Look at what Trump has done just this year. Tearing babies away from their mothers. Siding with Vladimir Putin over American intelligence officials, on the integrity of our elections. Responding to school shootings by telling teachers to bring guns into the classroom. Passing a tax cut for the wealthiest corporations—while ignoring the roads, bridges, schools, hospitals and other infrastructure that is essential to our future, and setting us up for a deficit catastrophe down the road. Nominating to the Supreme Court two judges with the most anti-worker records we’ve ever seen—including one who blocked workers from unionizing in Donald Trump’s own casino in 2012. And he’s done all of this with the help of Republican leadership in Congress and the United States Senate.

If anyone, ever, questioned the difference between the Democratic Party and the Republican Party, let that lie be put to rest for all time.

For too long, Republicans have convinced too many working people to focus on what divides us, instead of the deeper things that unite us. And once they get us fighting each other, they don’t have to fight for us.

On this Labor Day, my message to fellow workers, here in Boston and across America, is clear: don’t be fooled, don’t be divided, and don’t be defeated any longer.
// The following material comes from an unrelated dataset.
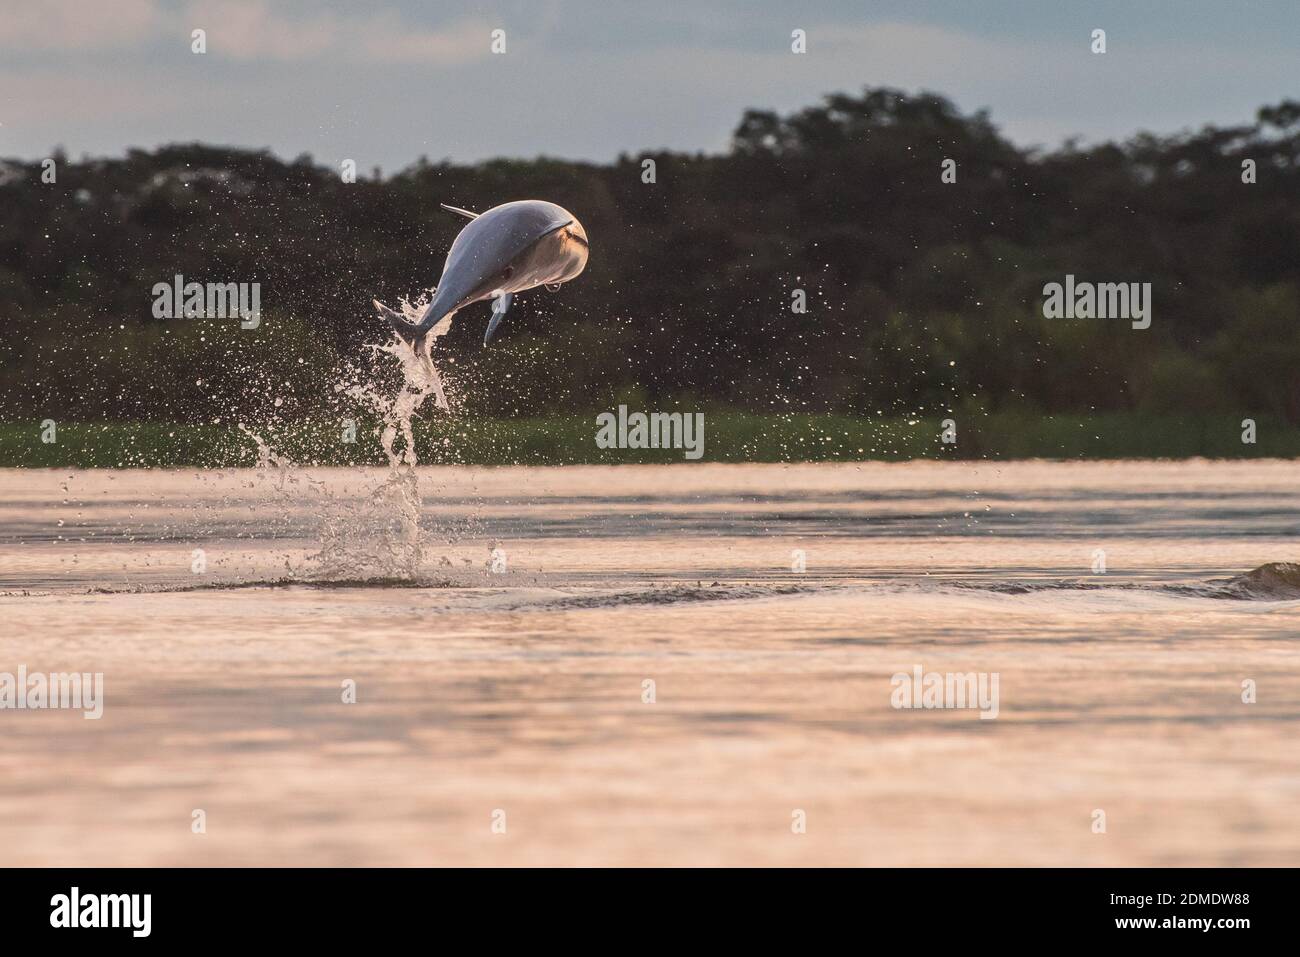 An endangered tucuxi freshwater dolphin (Sotalia fluviatilis) jumps from the river near the border or Peru, Brazil & Colombia in the Amazon basin. Stock Photo

It’s time to stand together and fight back. It’s time to bring union members and all working people back into the Democratic Party—to save their rights and to save this country.

It’s tie for Democrats to say loud and clear: We are the party that fights for the marginalized and the vulnerable. We are the party that fights for civil rights. We are the party that welcomes immigrants. We are the party of women’s equality and LGBT rights. We are the party that passed transgender rights—and I’m asking you to protect those rights again by voting yes in November. We are the party of senior citizens. We are the party of veterans who fought for this country and gave us our ability to join a union. We are the party of universal health care. We are the party that fights to raise the minimum wage and fights for good wages and benefits for all. We are the party of collective bargaining, the right to organize, the right to a good quality of life, and the dignity that all people deserve.
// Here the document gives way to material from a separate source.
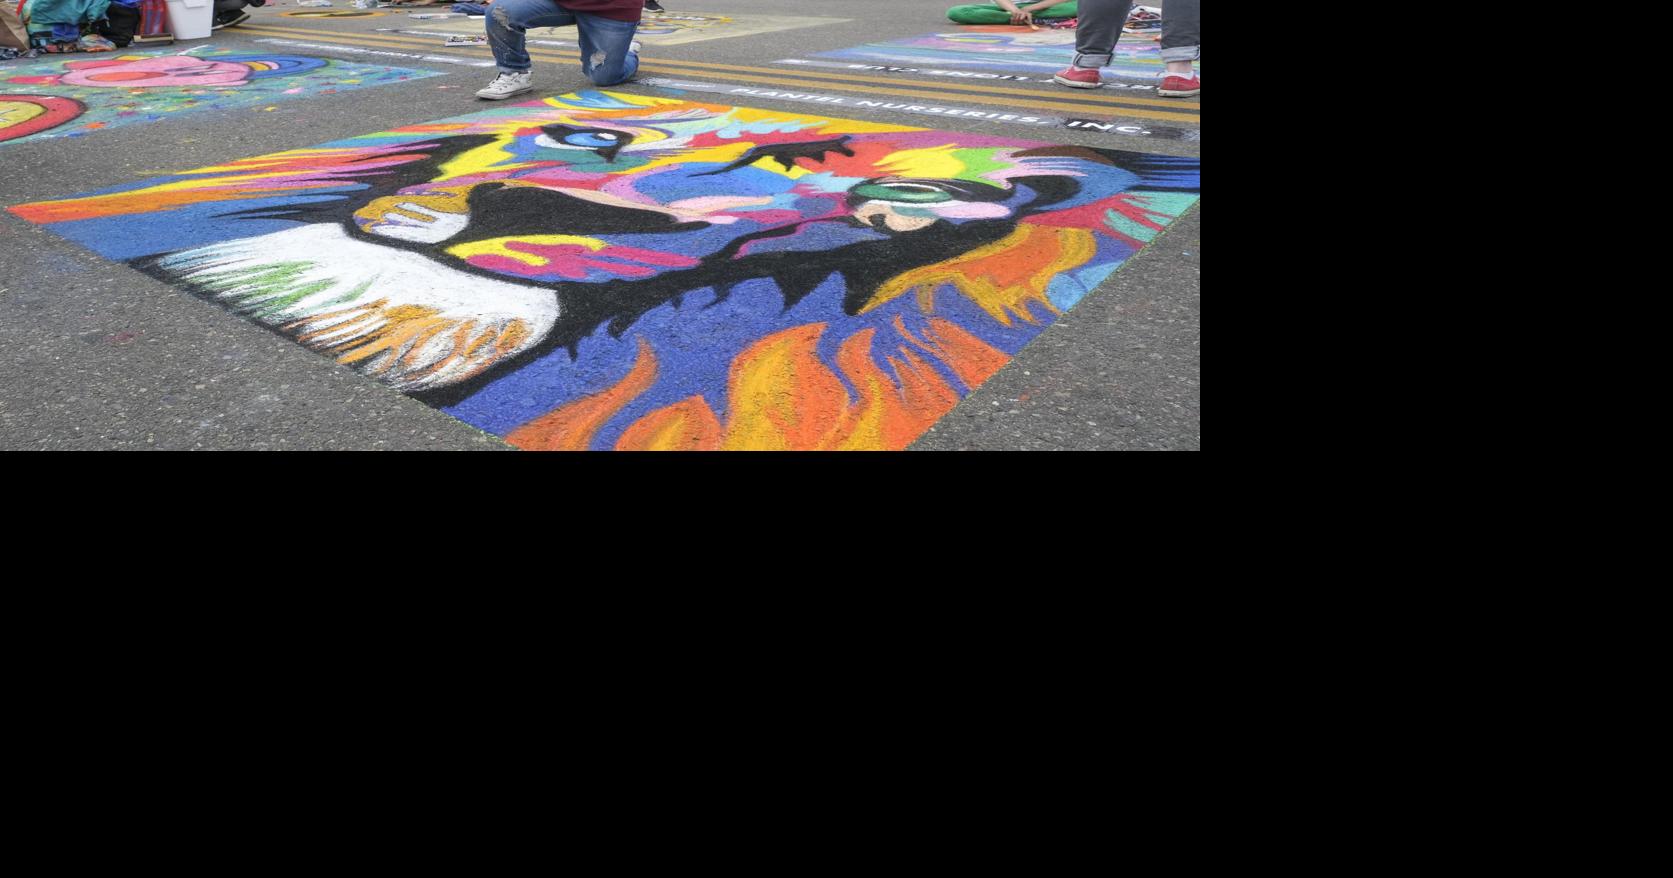 Seventh annual festival transforms Old Town Orcutt into chalk art

Make no mistake. For decades, Republicans have systematically gone after unions and workers all across this country. They’ve taken over Statehouses in 32 states, using anti-worker, anti-labor propaganda that many of our own members have bought into.

And what’s been the result? Union membership down. Pensions lost. Wages down. Inequality up. Health care under attack. The middle class in decline. It all happened together, because it’s all the same fight. And it always has been.
125 years ago this week, AFL president Samuel Gompers was asked, what does labor want? And many of you know what he told them. He said: “We want more schoolhouses and less jails; more books and less arsenals; more learning and less vice; more leisure and less greed; more justice and less revenge; more opportunities to cultivate our better natures … and make childhood more happy and bright.”

We are those children. That’s what our parents and grandparents fought for: a better life and a better country for us. And that’s all that working people want today. So I call on each and every one of us to stand up, be counted, push back, share your values, work together, put aside our differences; and put on our work boots, our hard hats, our nurses’ scrubs, and whatever uniform you wear, and get to work to build that country together.

We are organized labor. And Washington may be broken, but there’s nothing American workers can’t fix. Vote to elect and re-elect champions of labor in the Democratic party—up and down the ballot. Educate and activate our memberships behind them. Help fight for labor’s allies all across the country—whether it’s an open seat in New England or a Democratic challenger in Ohio. And keep fighting every single day until November 6, and all the way through 2020, when we take back Washington for working families, and we get this country moving forward again for all Americans.

Thank you, God Bless you, God bless the Labor movement, and God bless the United States of America.